Generations For Peace volunteers in Afghanistan, Azerbaijan, Bosnia and Herzegovina, the Former Yugoslav Republic of Macedonia, Georgia, Indonesia, Jordan, Kyrgyzstan, Lebanon, Nepal, Nigeria, Pakistan, Palestine, Uganda and Yemen joined the worldwide call to action. Demonstrating Generations For Peace carefully-designed sport-based games, the volunteers showed the effectiveness of sport as a universal language and vehicle for change to address conflict and violence. 

The activities helped boost awareness and support for their ongoing work in their communities. HRH Prince Feisal Al Hussein, founder and chairman of Generations For Peace, emphasised the significance of IDSDP: “I was delighted when the UN General Assembly declared 6 April as the International Day of Sport for Development and Peace. This is an important day to engage children and youth in sport. It helps promote and boost the work that our Generations For Peace volunteers around the world are carrying out each day and week to lead change in their own communities. They are using sport as a powerful entry point to engage with children and youth to raise awareness and help tackle local issues of conflict and violence, inequality and exclusion, and social development.
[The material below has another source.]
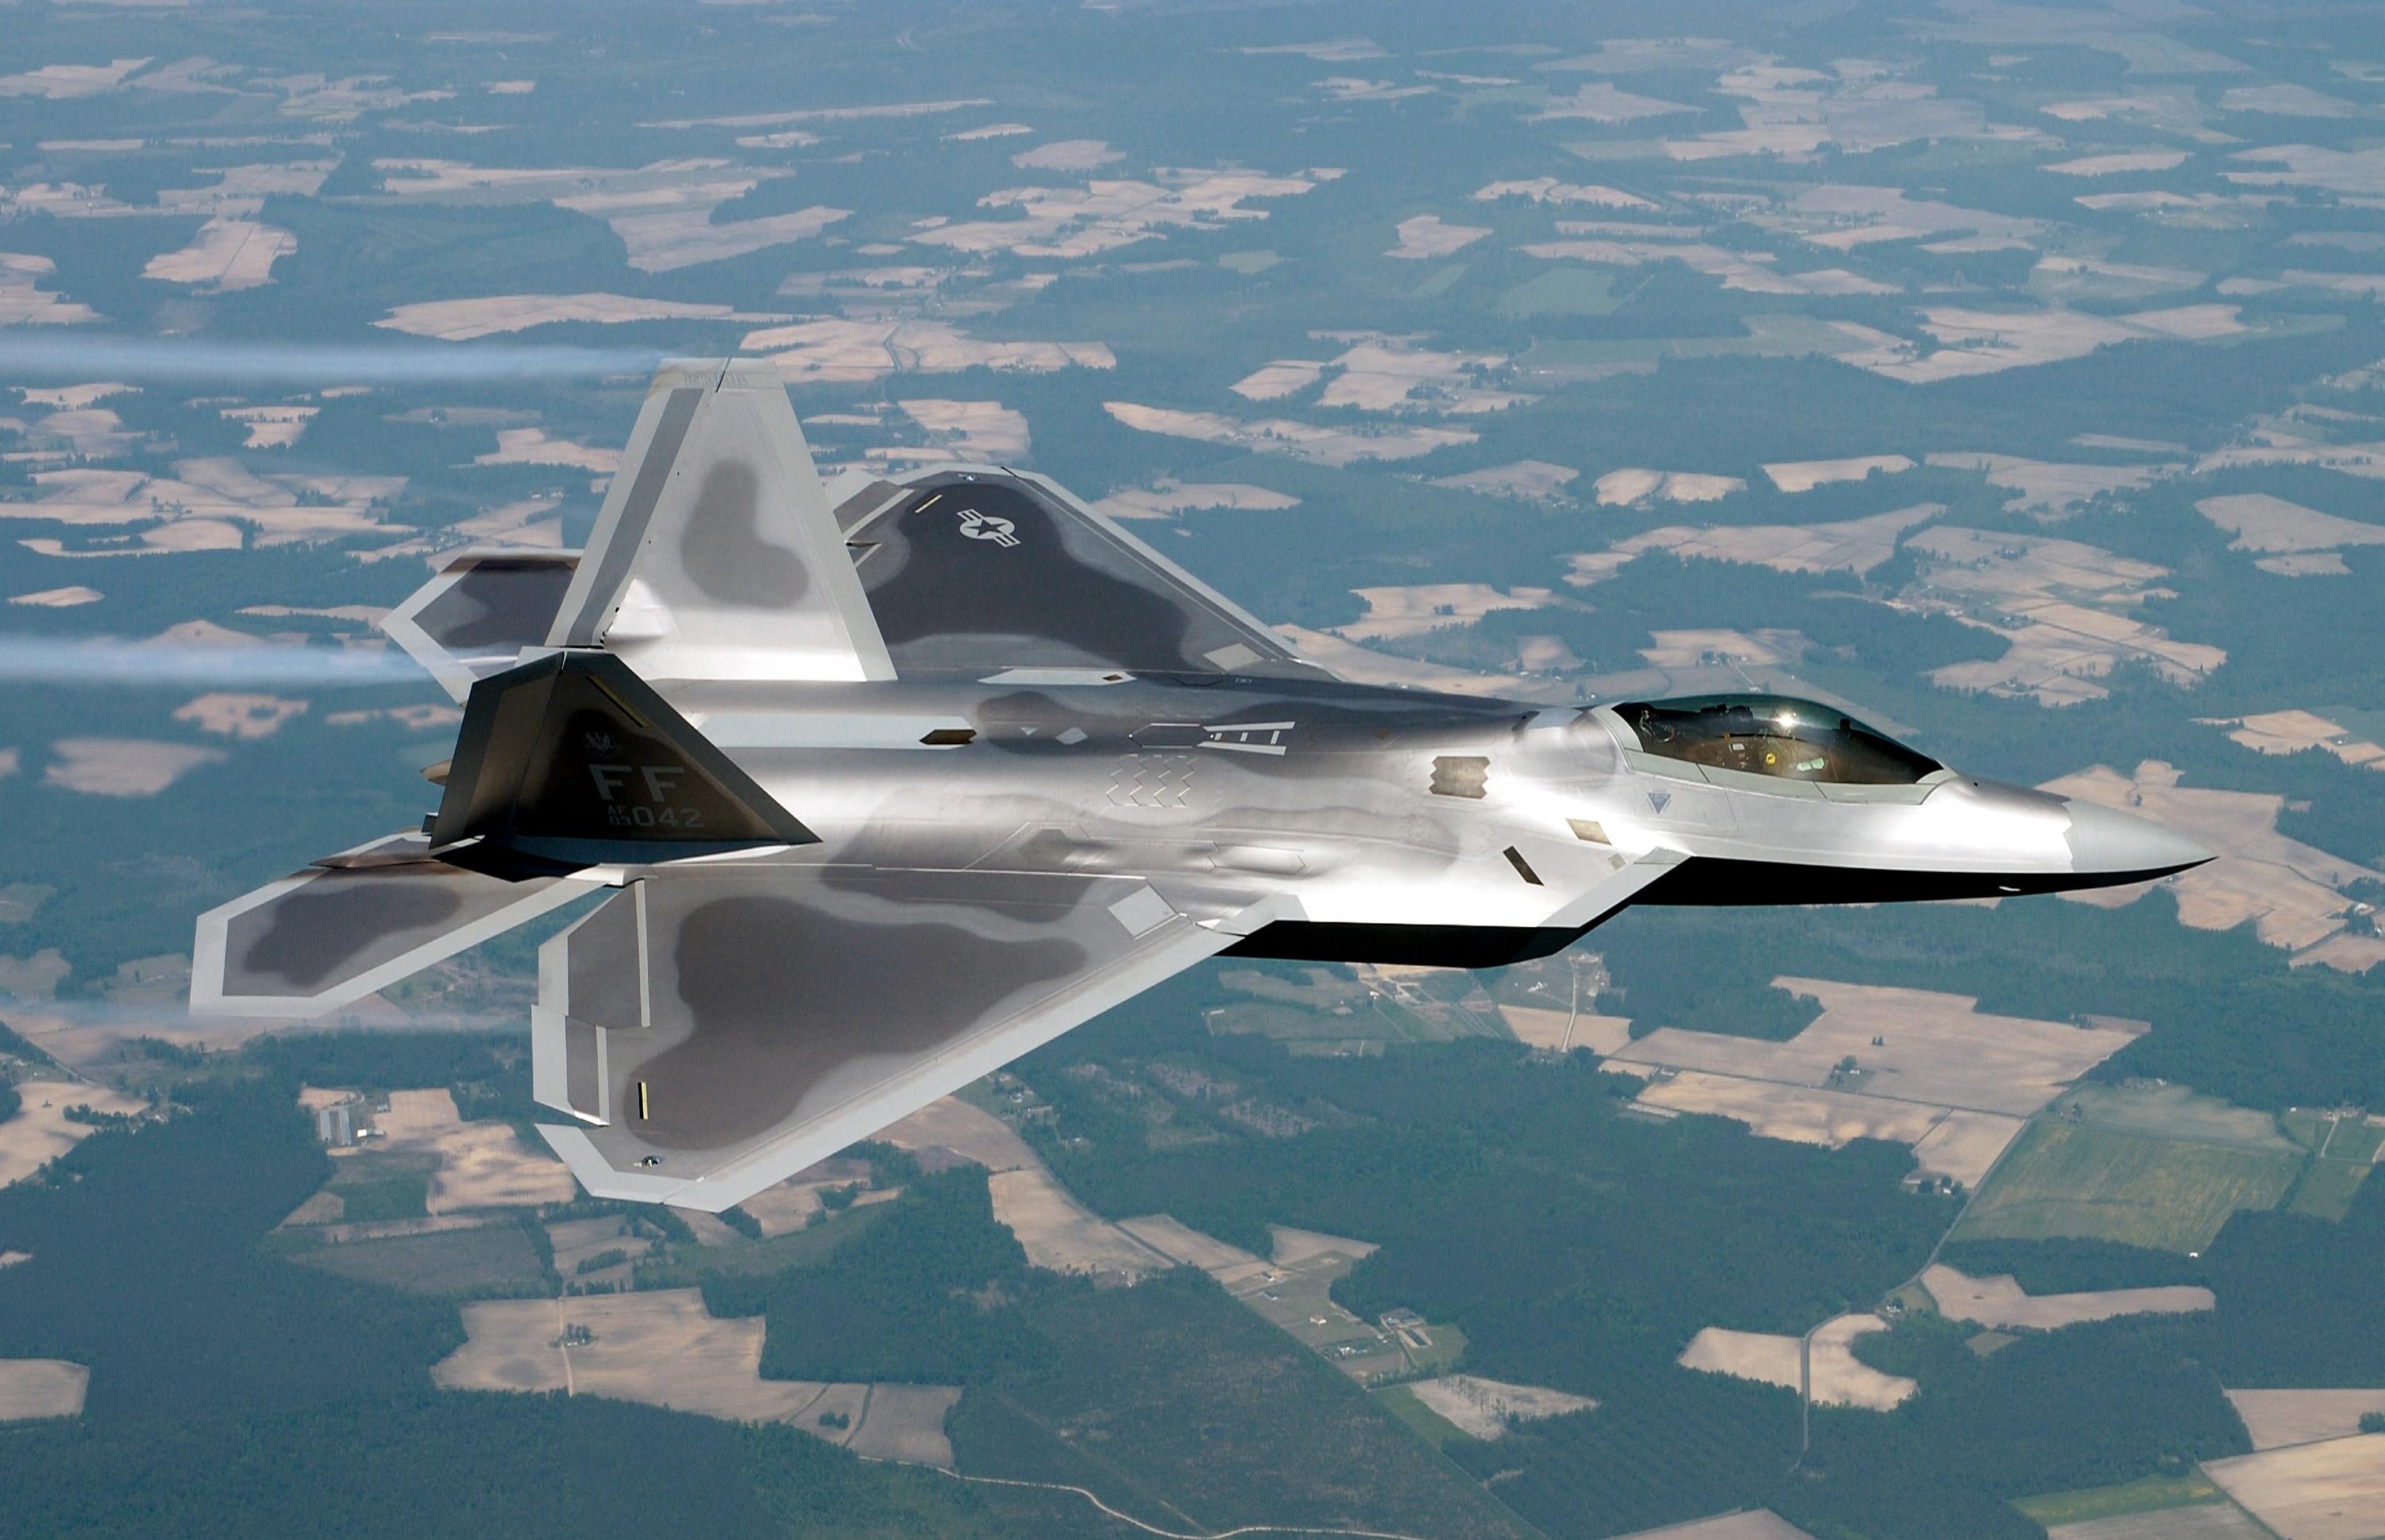 The F-22 Raptor: The World's Most Dangerous Fighter Jet Until 2060? | The National Interest
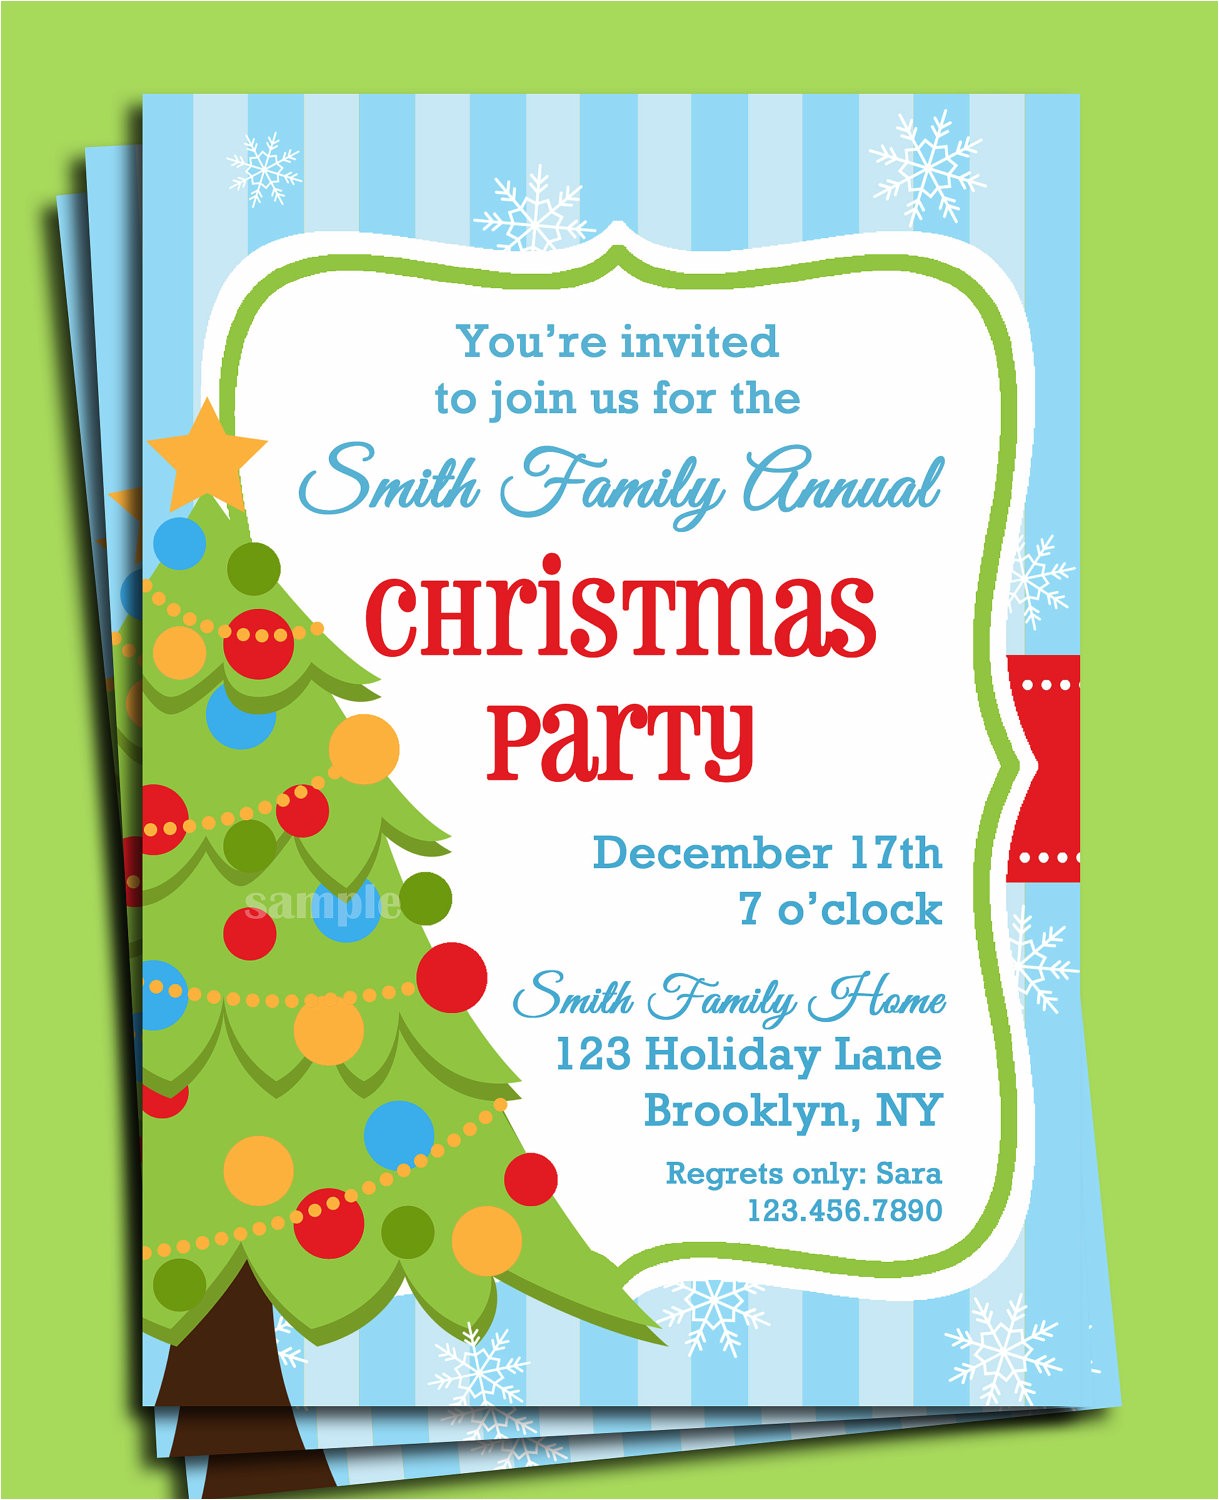 Funny Work Holiday Party Invitation Wording Office Christmas Party Invitation Wording Cimvitation

In Kabul, Afghanistan, Generations For Peace volunteers organised a demonstration football match between local young people from Miakhel and Sahak, two villages in Kabul Province in conflict over land. The match was organised for 30 male youth playing in mixed teams from the two rival villages. During the closing there was a discussion and reflection from the participants and audience about the match, and how sport can be used for development and peace.